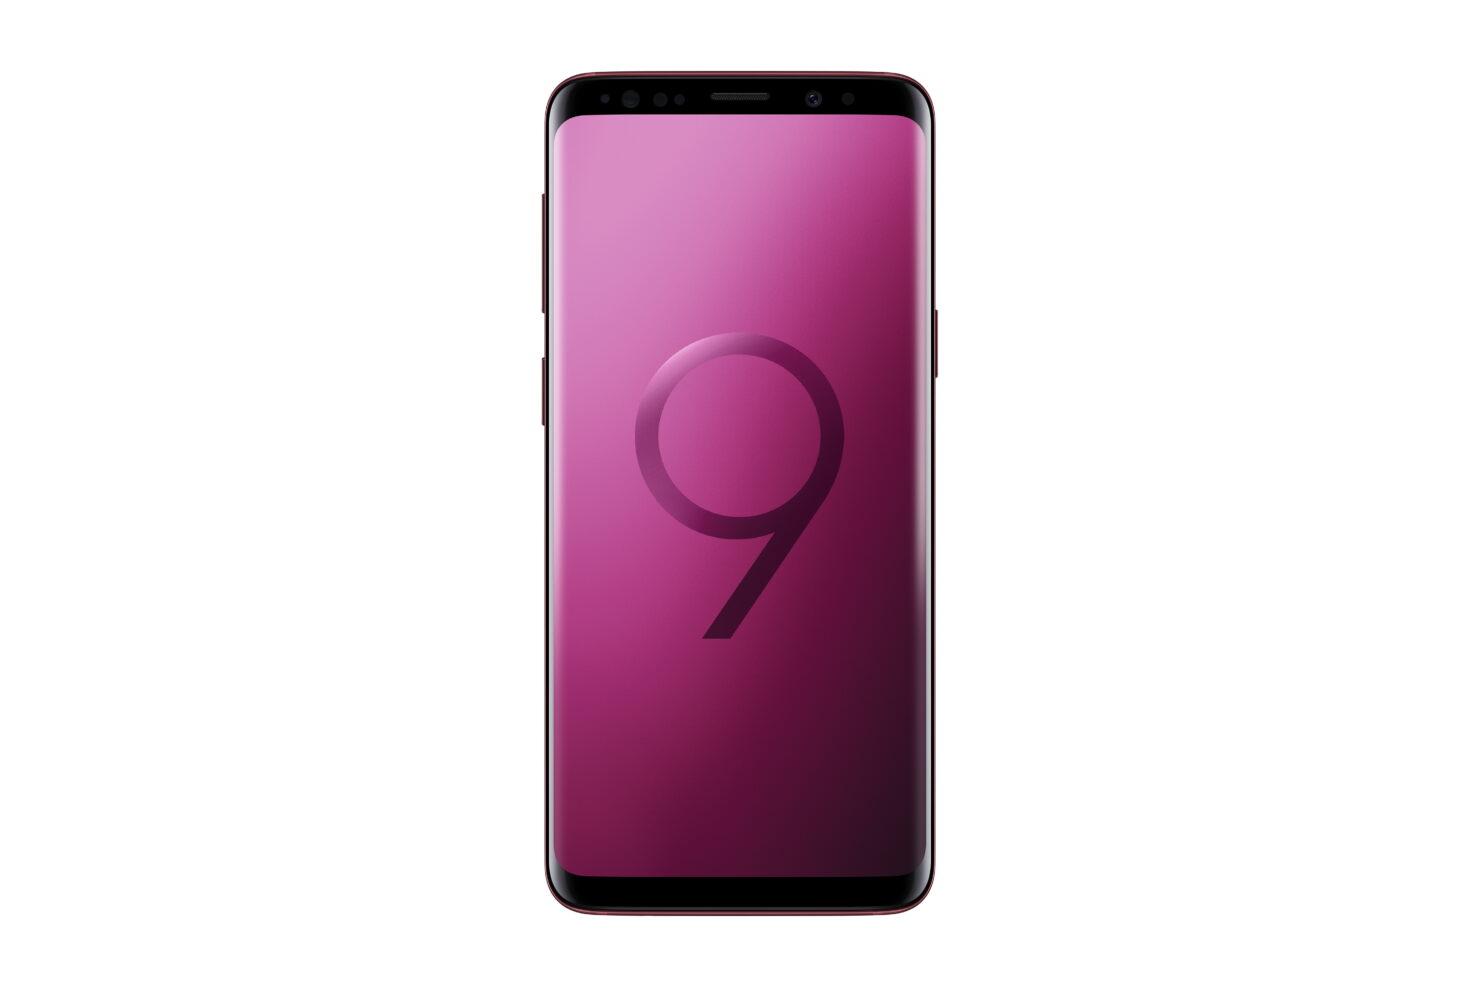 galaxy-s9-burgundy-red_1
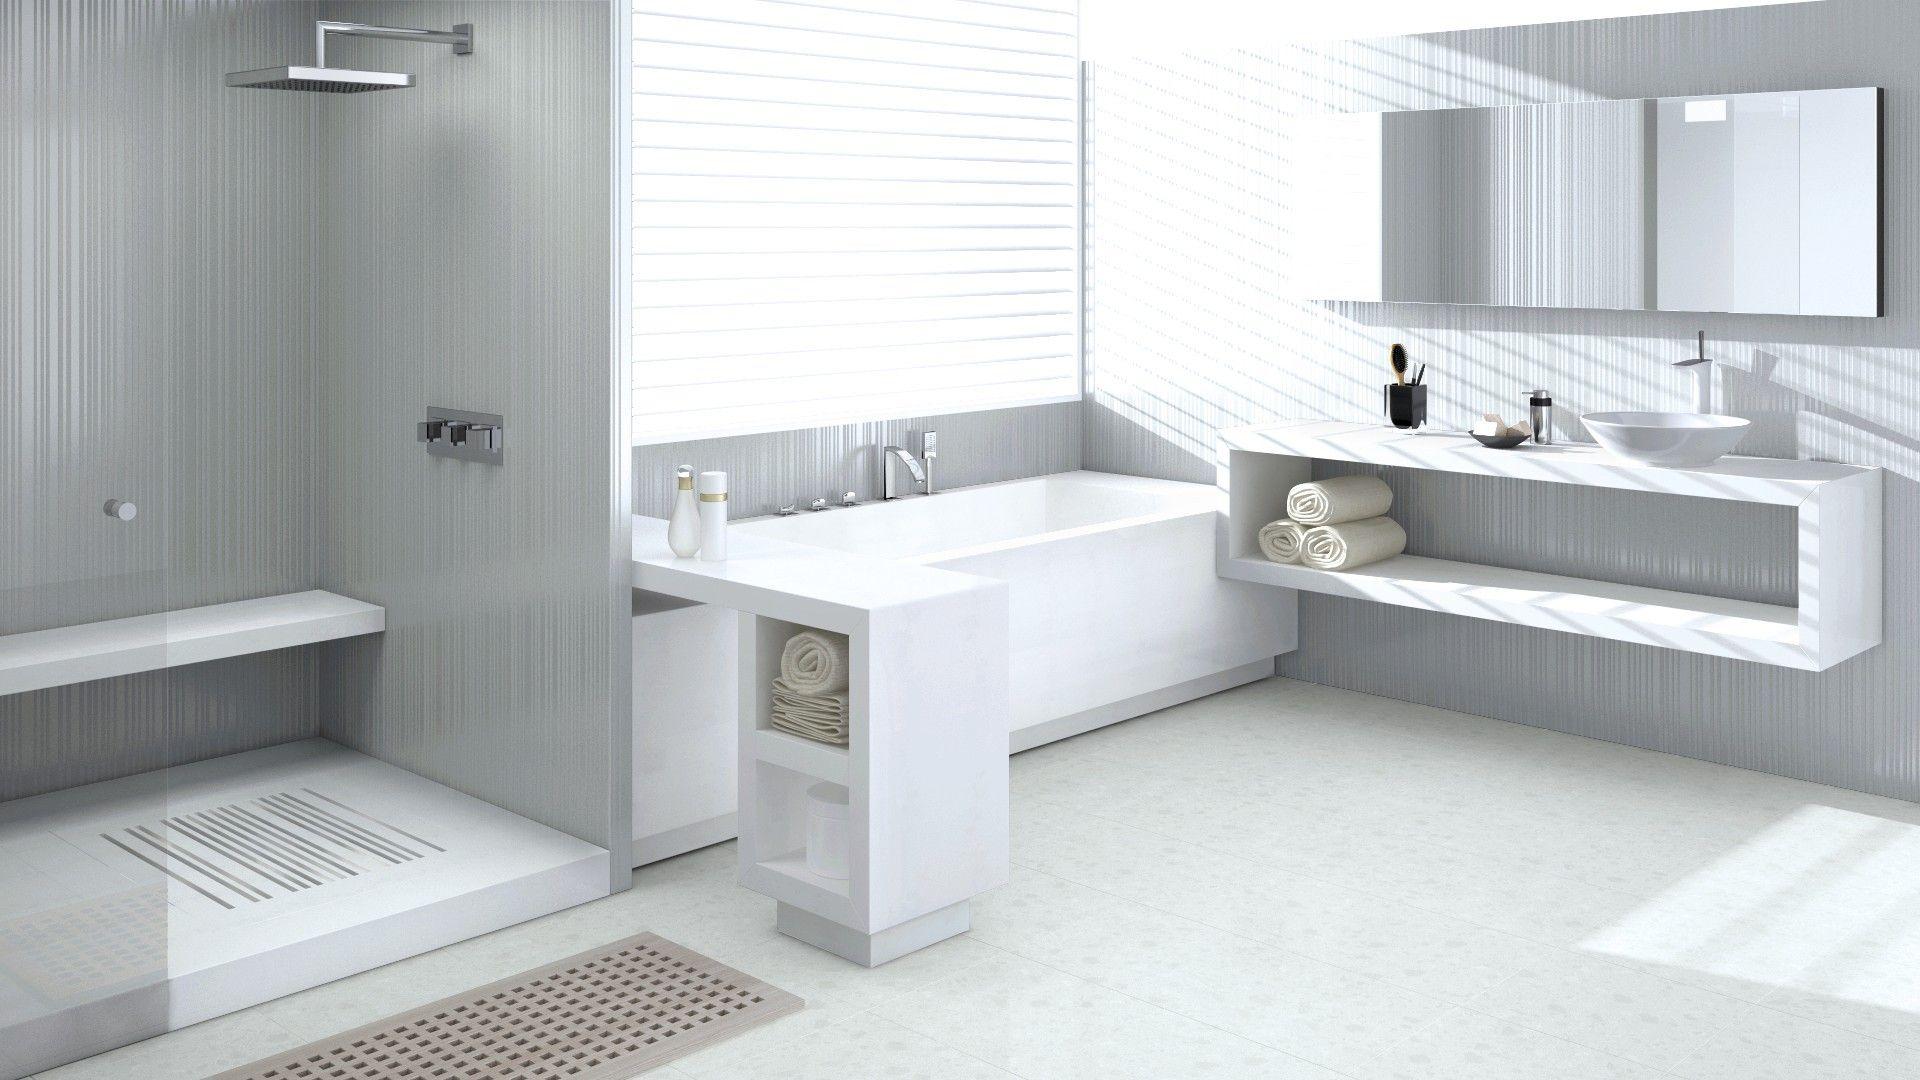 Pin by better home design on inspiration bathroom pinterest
--
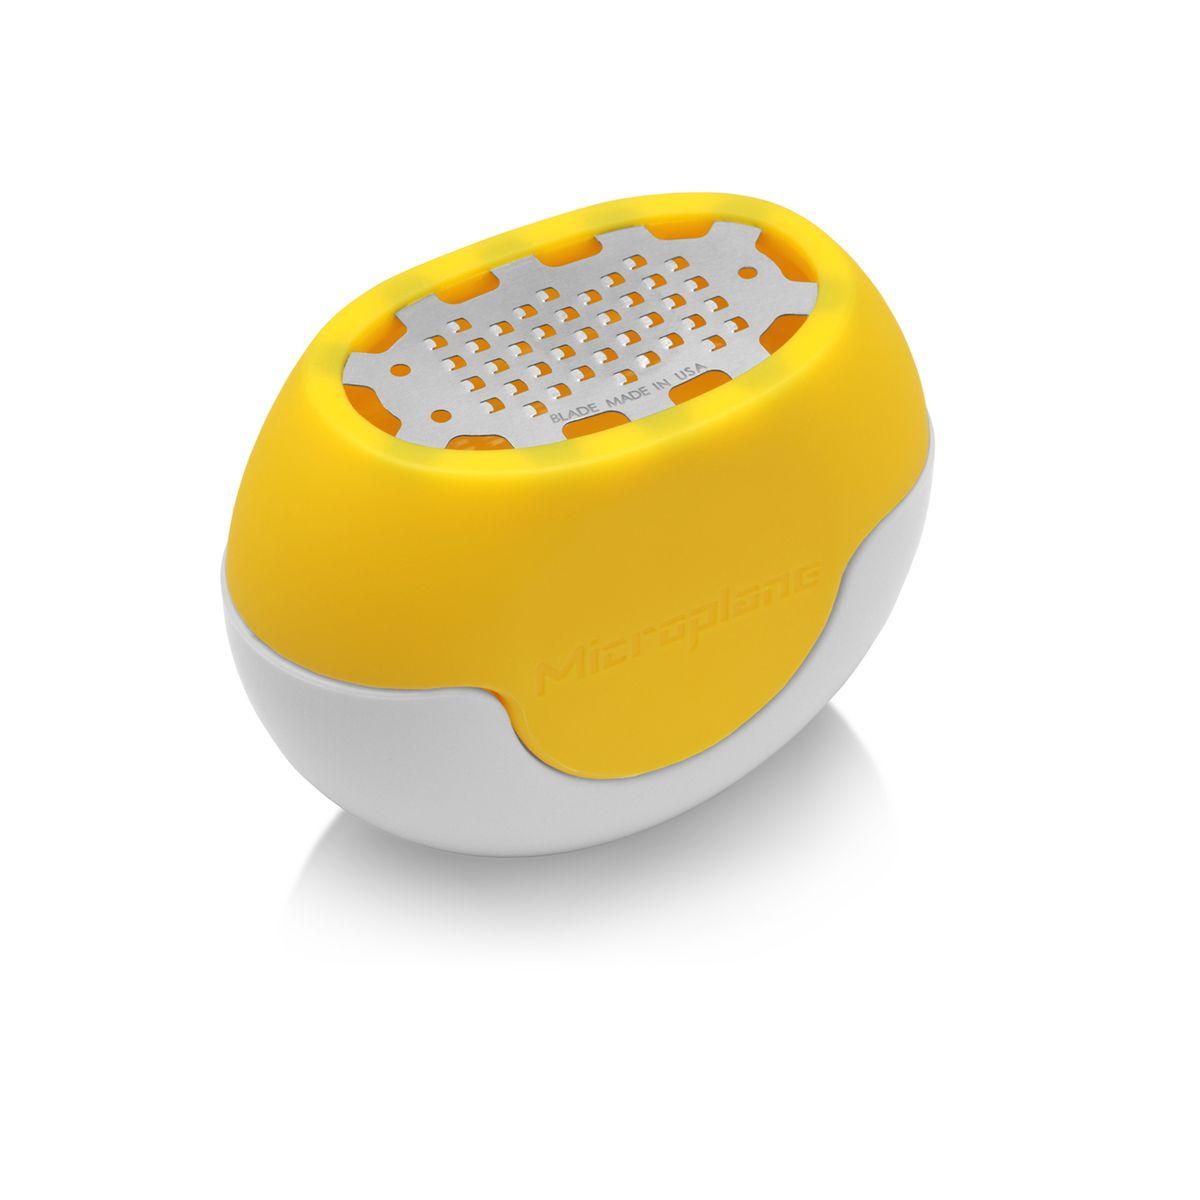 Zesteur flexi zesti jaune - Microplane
* * *
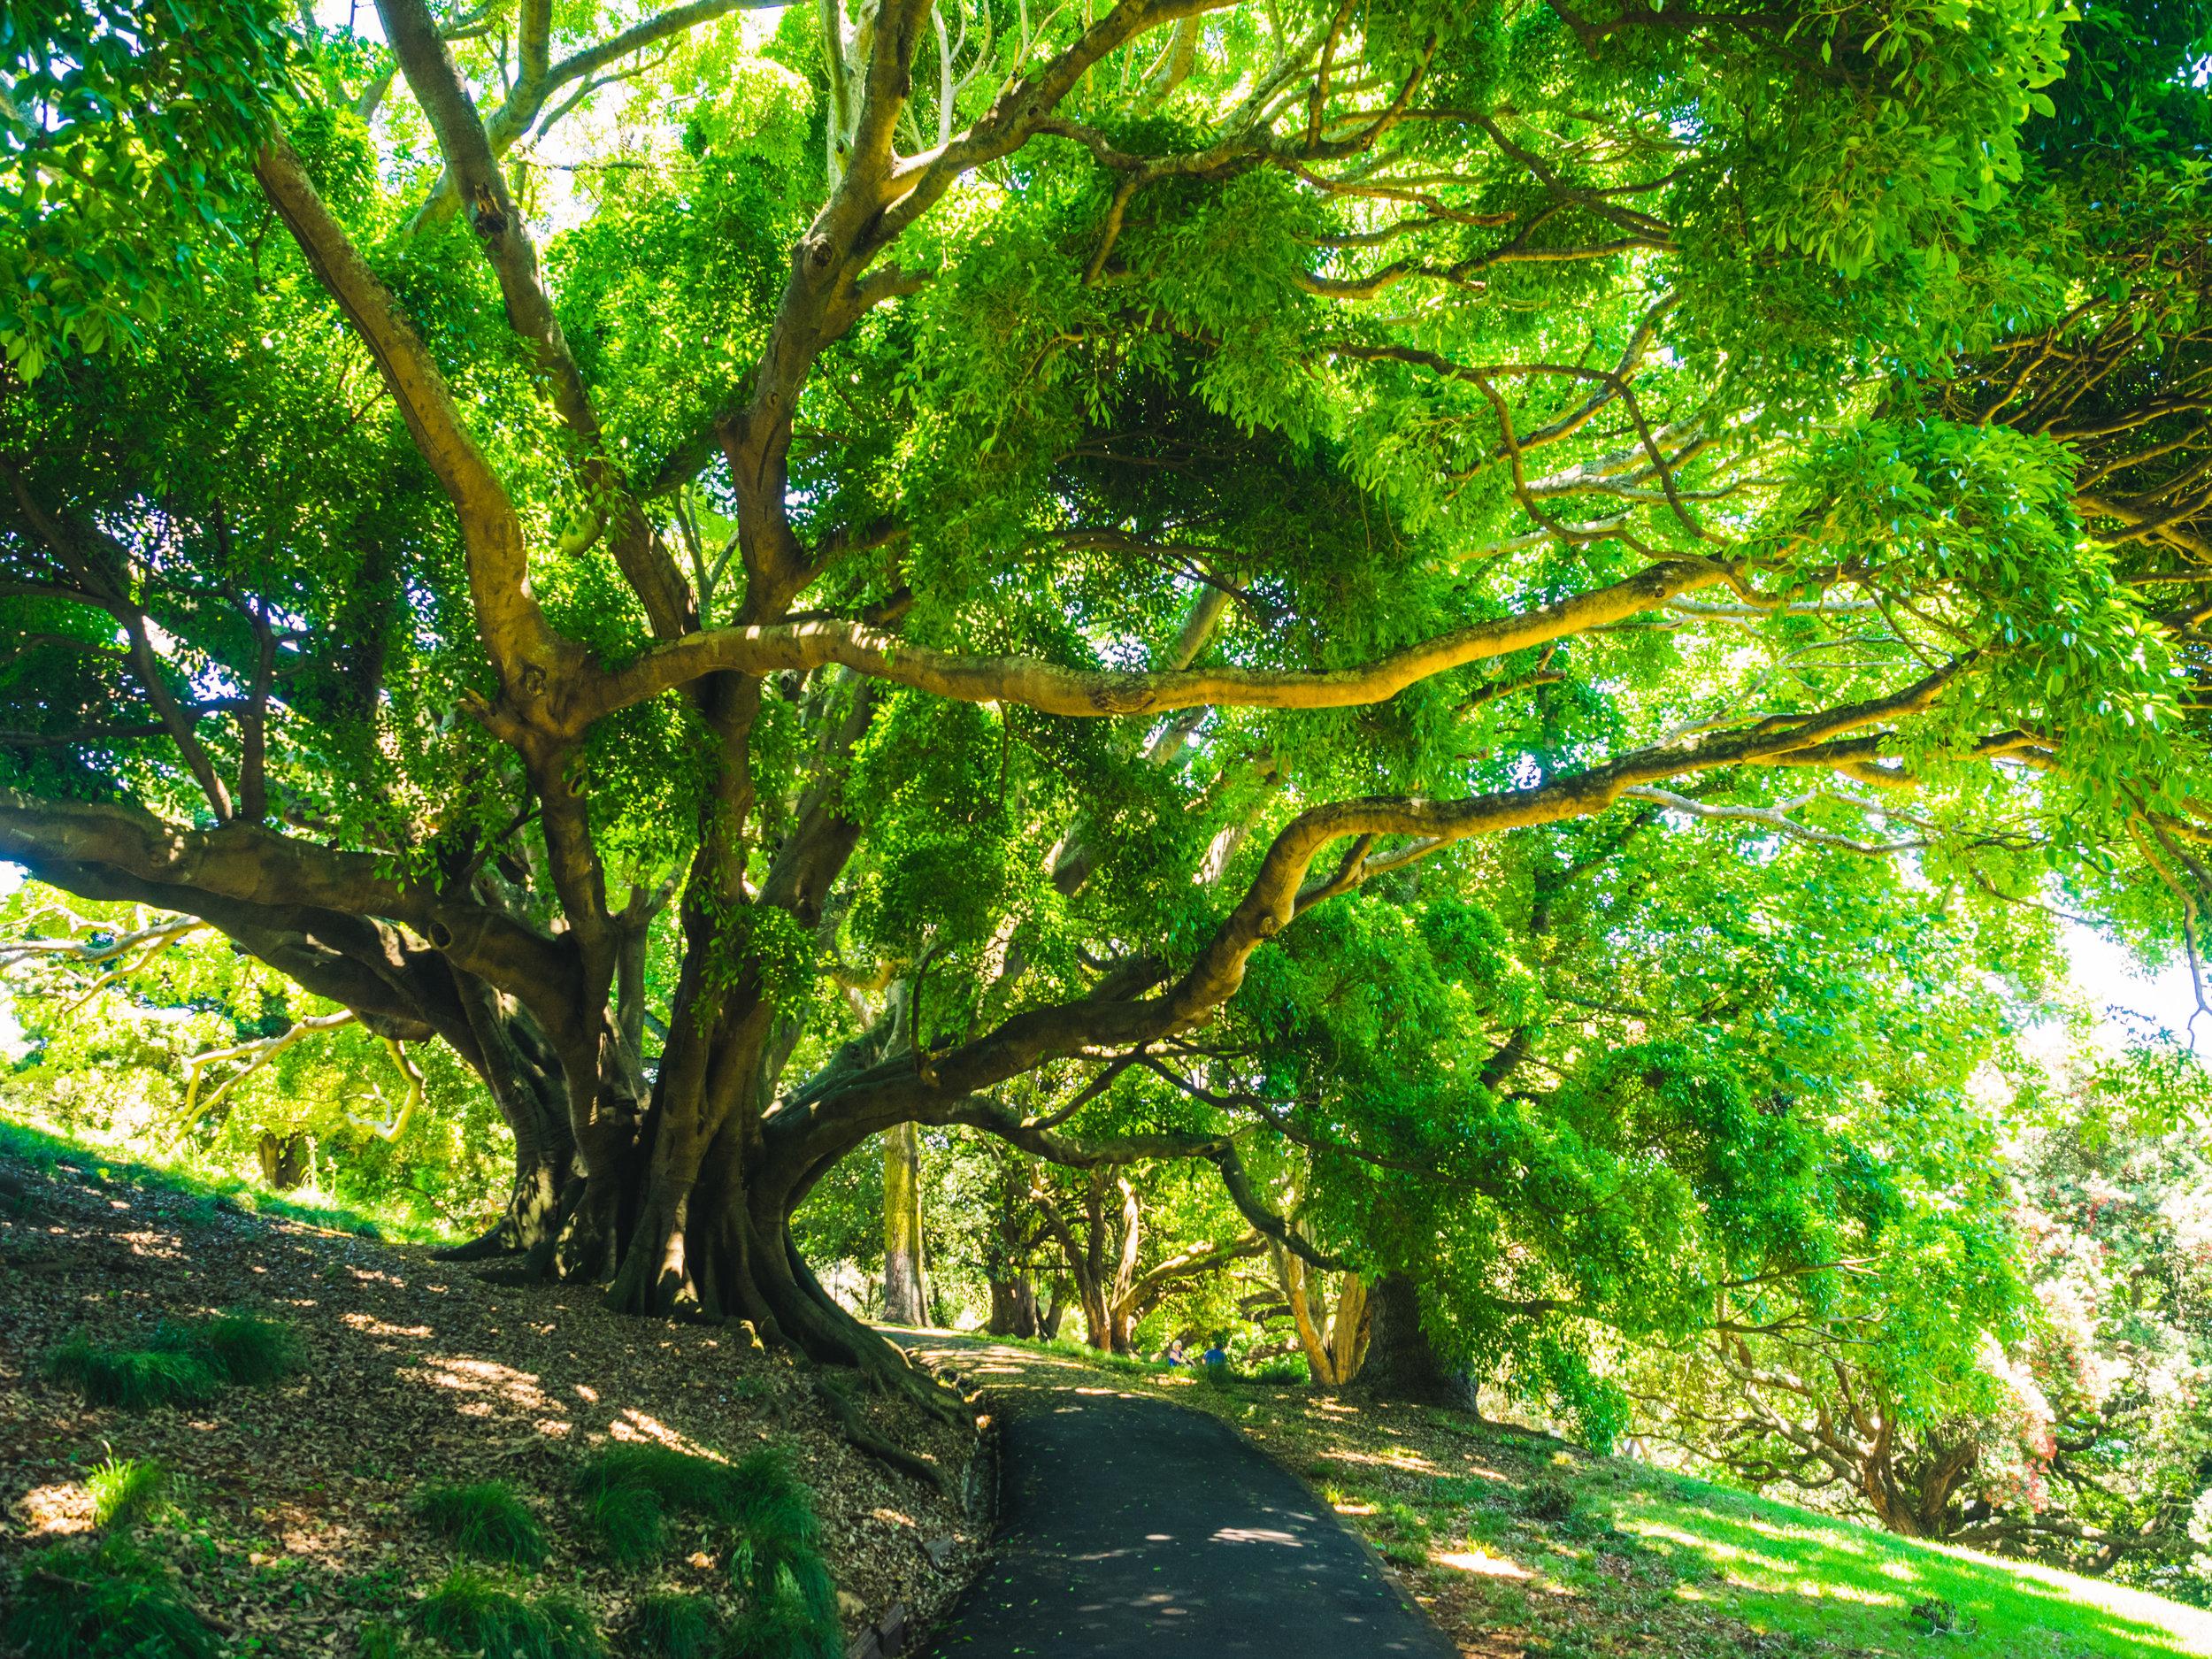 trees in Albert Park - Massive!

◆ What to do: Output exactly the lines above, from the line with "galaxy-s9-burgundy-red_1" to the line with "Pin by better", both included; skip the pictures.

◆ Response:
 galaxy-s9-burgundy-red_1
 Pin by better home design on inspiration bathroom pinterest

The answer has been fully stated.